Camera Obscura’s sound and style seem plucked right from Tigermilk-era Belle & Sebastian, blended with the seminal acoustic indie-pop aesthetic identified with NME’s C-86 compilation and the Sarah 100. Informing the 60s sound and its topical fixation on childish love, Camera Obscura sing slyly ironic lyrics that show abounding self-deprecation. The chorus of lilting opener “Suspended From Class” demonstrates this compromise between form and content best: “I should be suspended from my class,” ethereal lead singer Tracy-Anne Campbell sings, “I don’t know my elbow from my ass.”
Campbell’s voice falls squarely within the Mazzy Star-Sundays-Cardigans school of female vocals, endearingly unconfident and off-key as to convincingly portray the naïveté the songs profess. She comes closest to exploding free of that shy facade in the jump to the chorus of the bouncy “Number One Son,” an album standout that keeps with the theme of precious childhood love.

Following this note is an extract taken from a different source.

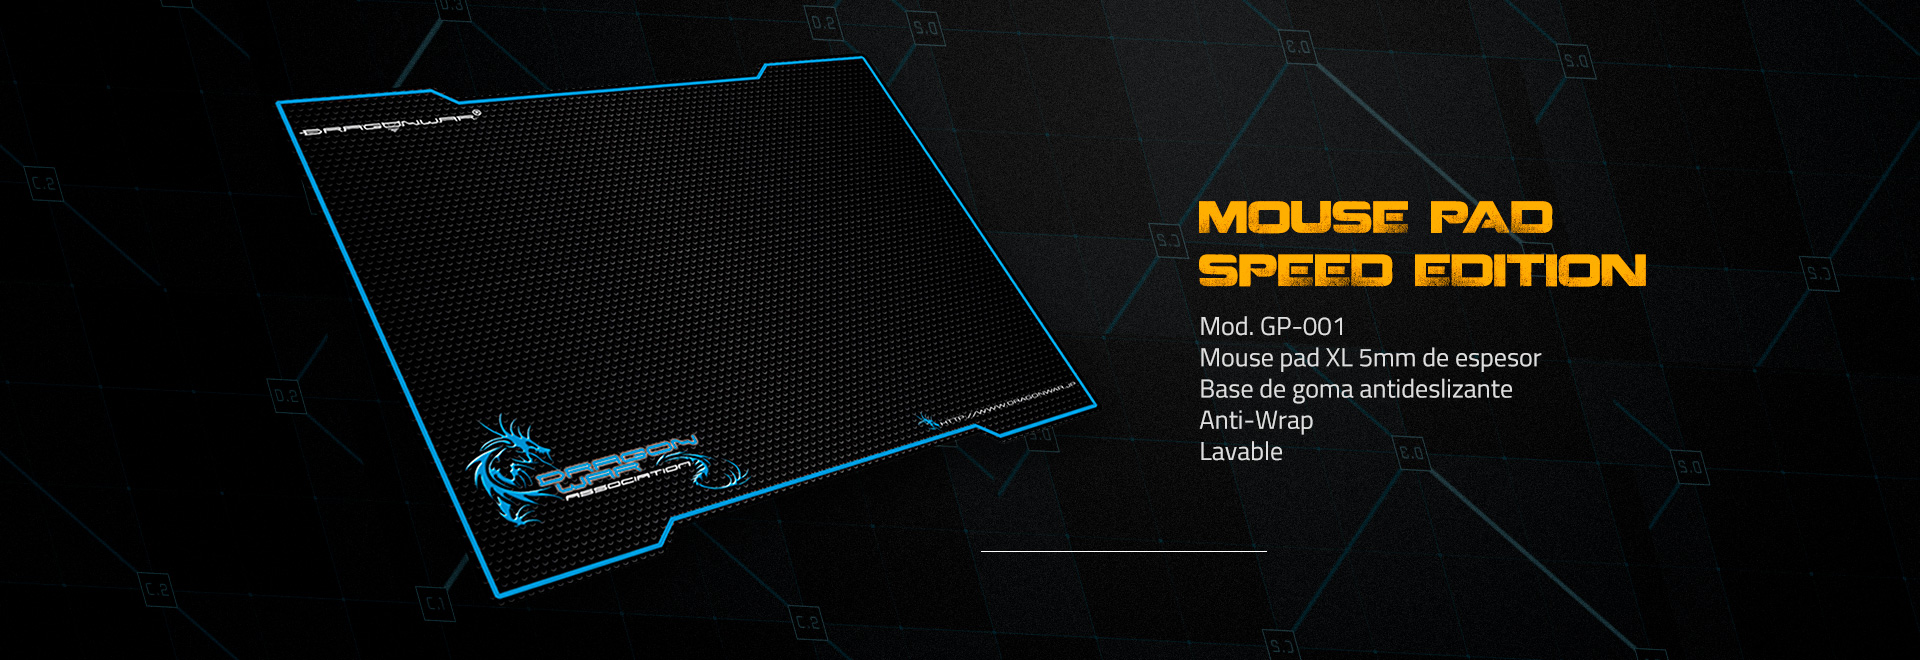 Mouse Pad Speed Edition - Flyer: 0
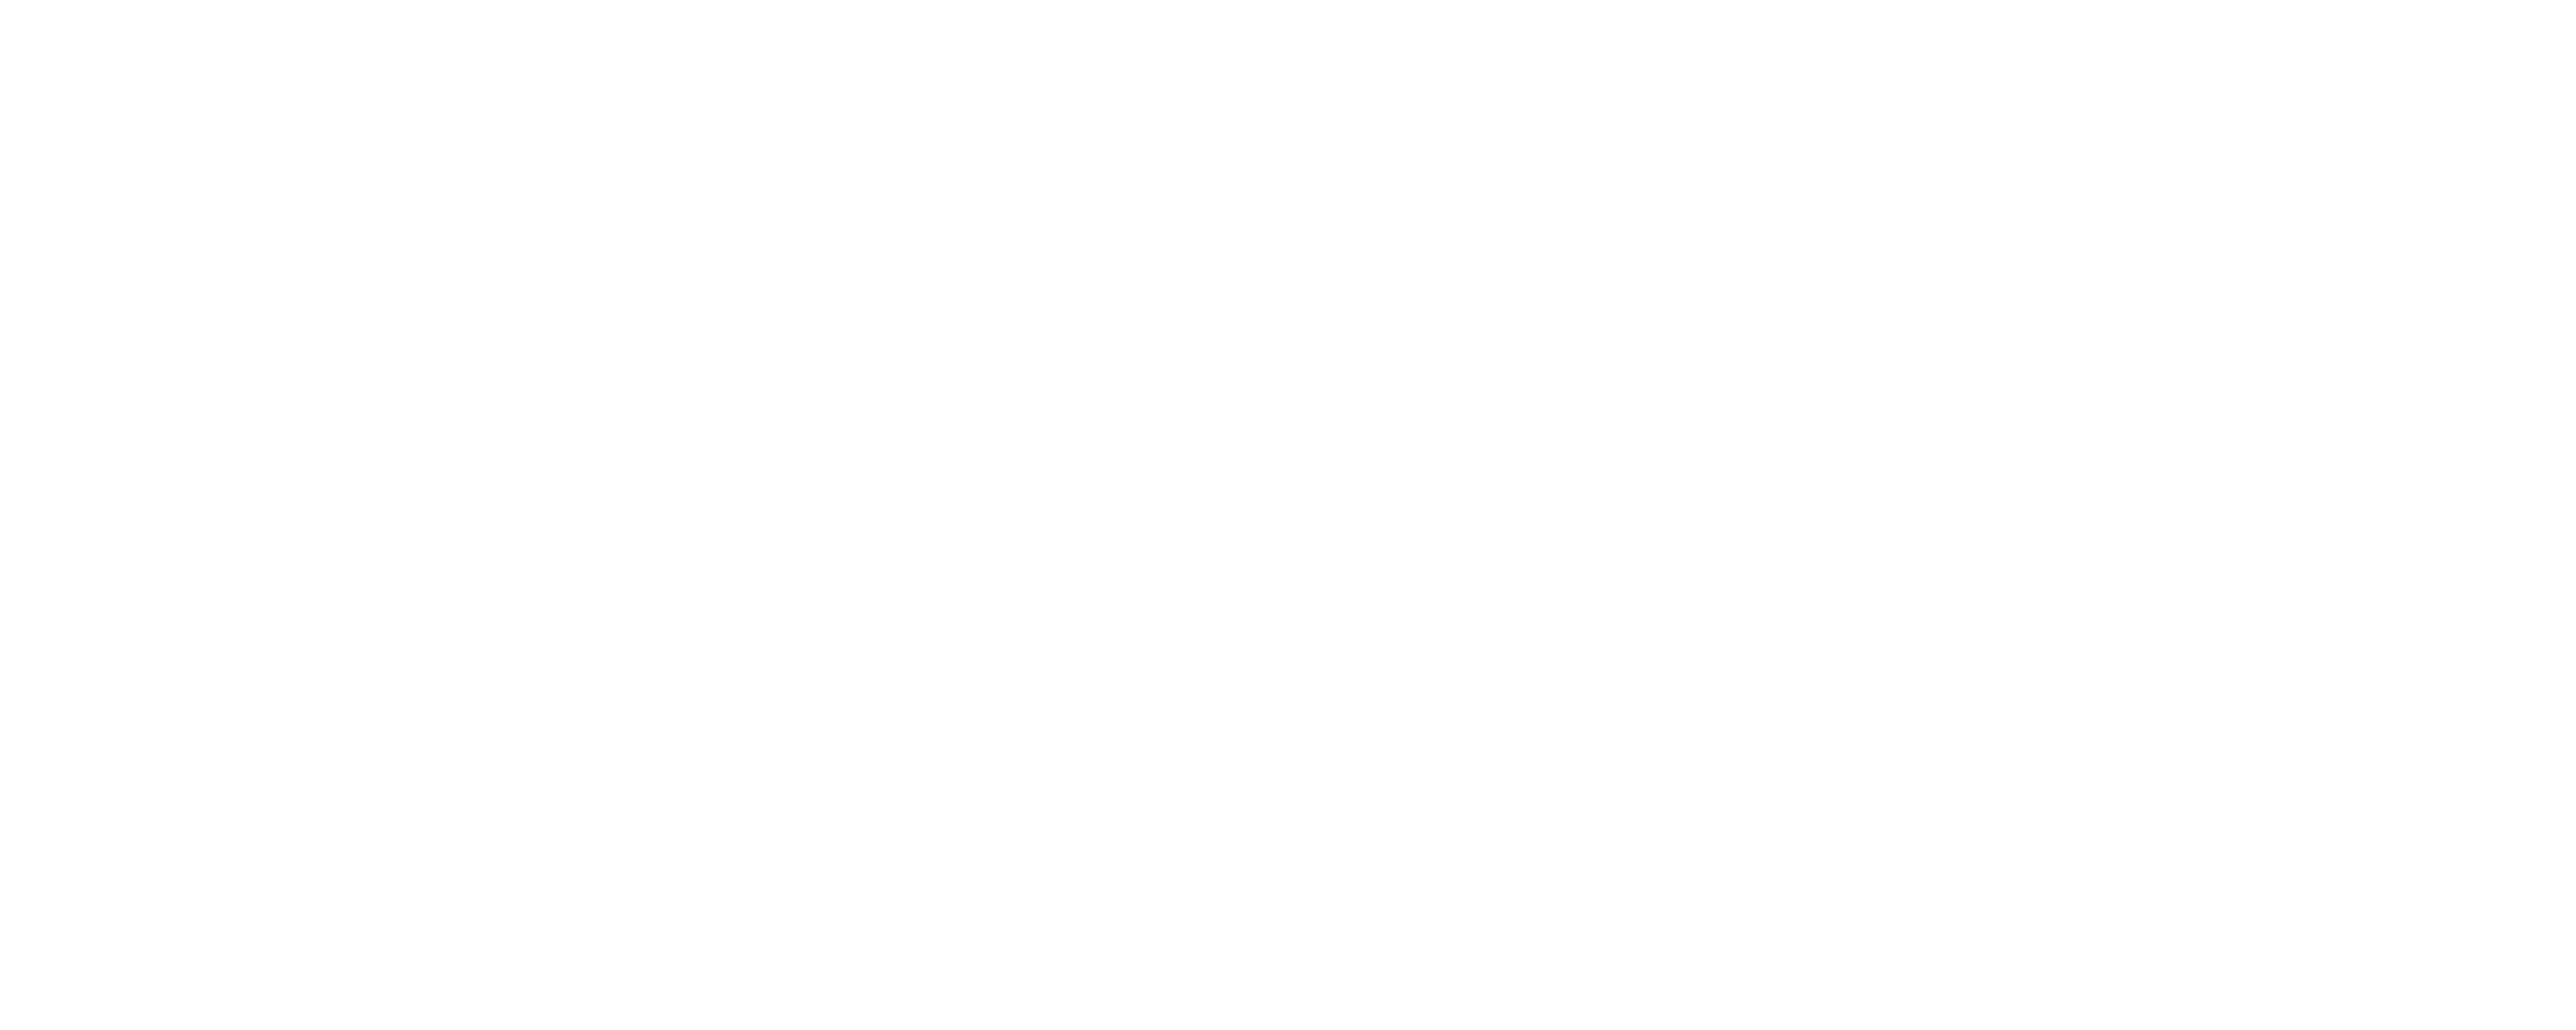 Legacy Tax Group

This creates a pleasing balance with the weighty “Your Picture,” a dark Leonard Cohen-like dirge, which strikes out a vivid character sketch: “She told me you’d given up drinking / to be with somebody you knew / and you tried to get into the Bible / But it never got into you.” John Henderson sings here with vocals of the same cut as Campbell’s: weak, battered, and timidly appealing.
Like “Your Picture,” most of these songs fall under the category of character sketch. Camera Obscura write pithy portraits, and their literary leanings fit nicely with the chamber-pop accompaniment. Flutes, strings, and bells sparkle and shimmer on most tracks, combining with surf-rock bass lines to produce the overwhelming impression that this music comes from a different era.
Underachievers boasts excellent songwriting and a warm, appealing sound that swells as a result of crisp production and sweeping arrangements. The unabashed sincerity of the band’s lyrics is a bit off-putting under this cozy guise, but perhaps the only consequence of image and sound against lyrical content is a doubly-detached indie irony, and the legions that will wrongly decry them as rip-offs.